I’m not a fan of Christmas, New Year’s, or my birthday. Since childhood, I’ve dreaded the idea of a planned celebration: now it’s supposed to be fun, cozy, or whatever. Joy on command isn’t my strength, and I don’t feel any anticipation. I get lots of well-meant congratulations and gifts that I often don’t know what to do with. And there’s the forced feeling of giving cheerful responses to all the congratulations.
What I do enjoy is spontaneously or casually meeting up with my former schoolmates, friends, or acquaintances – whether in twos, threes, or a larger group – for a fun, casual evening or weekend without any agenda or expectations.
And here we go again. It’s my birthday. Once again, in January, like every year. My friends message me, which genuinely makes me happy because their wishes are authentic and accompanied by sincere offers to go hiking, to the movies, the theater, or an exhibition. They know me and understand that material gifts rarely make me happy. My kids reach out, my parents and other relatives write. A few long-standing business partners get in touch. Then there are calls and emails triggered by calendar reminders from my insurance, car garage, and other service providers. The SBB gives me a voucher for a drink, Ticketcorner offers me a 5 CHF discount. I don’t want to seem ungrateful, but honestly, I don’t need AI programmed to remember my birthday. That’s not fun.

I visited my mom recently to help her adjust her hearing aids. Now I’m flying back home on my birthday. I settle into my seat – and since I bought a super cheap ticket, I wasn’t surprised to be seated in the last row, just like on the outbound flight. Paying extra to sit 15 rows forward isn’t worth it to me. I can read and think anywhere. I sit down, open my laptop, and start working. Then the flight attendant comes up to me and asks if I’m Ms. Merz. Yes, I am. She congratulates me and hands me a bar of chocolate. And that got me. The unexpected touched me emotionally. Well done, Swiss – I truly appreciated this gesture.

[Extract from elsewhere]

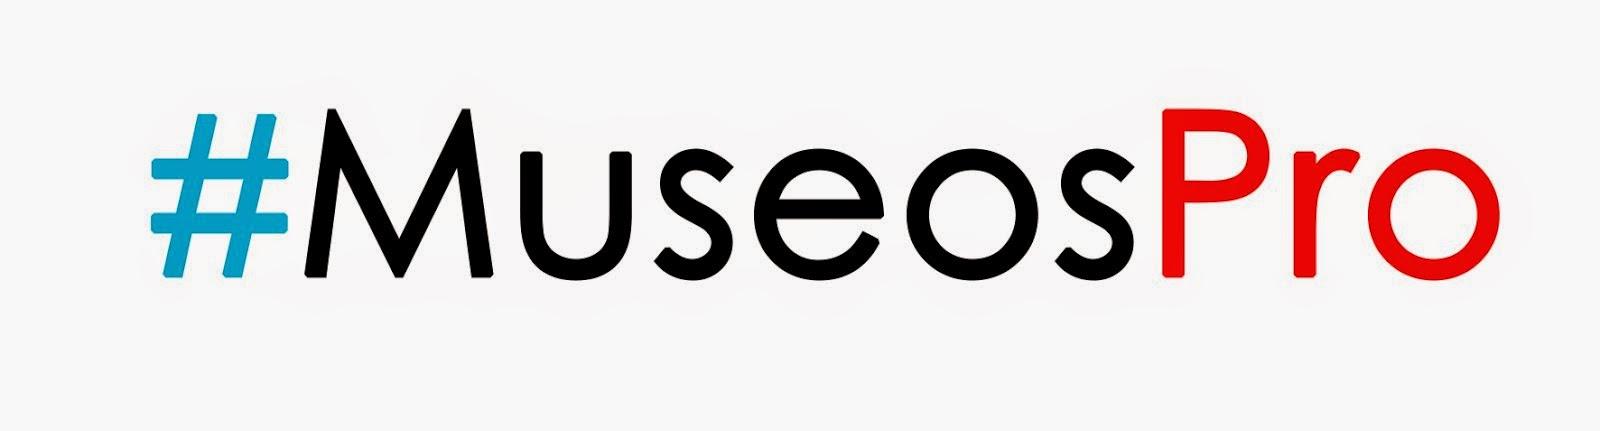 Organizadora de #MuseosPro

By the way, this year, for the first time in a while, I have a material wish: I’d like to buy a pool table. That’s quite an ambitious wish, though. A pool table is big and heavy. There’s no space for it in my apartment. But at the vacation house, it might be possible to add onto the room above the old stable and set it up there. That’s my birthday wish and likely a project for the next three years. I need an architect who specializes in old buildings. The walls are made of stone; the house was built in 1906, and the stables likely over 100 years earlier. I need a project manager and a building permit. The project will undoubtedly be challenging because adding a floor will probably require a completely new roof. As always, my budget is limited, and everything needs to fit within it.
Why pool? During my vacation, I played almost every day for the first time in ages. I’m not good at it. I’ve always lacked three-dimensional vision, and geometry was my nemesis in school. When I took an intelligence test at 14 (to help choose a career), I scored zero points in spatial visualization. They had me retake that part of the test because they suspected something had gone wrong. The result was the same: zero points. There are just things I cannot do. Spatial visualization is a huge advantage in pool. Parallel parking, for instance, took me years to master. Today, I can do it easily and without the sweaty stress of my first 20 years as a driver. I remember colleagues and instructors who promised to teach me – none of them succeeded. I had to figure out how to compensate for my lack of ability.
Pool is similar. I can’t intuitively predict what happens when one ball strikes another, but I’ve learned to analyze it. Outsmarting my weaknesses gives me immense joy. I need the pool table to improve, which requires the room addition, which requires a permit that an architect and project manager should handle. If you know any great architects or project managers, that would be a wonderful birthday gift.

It’s my birthday again. Swiss, thanks for the chocolate.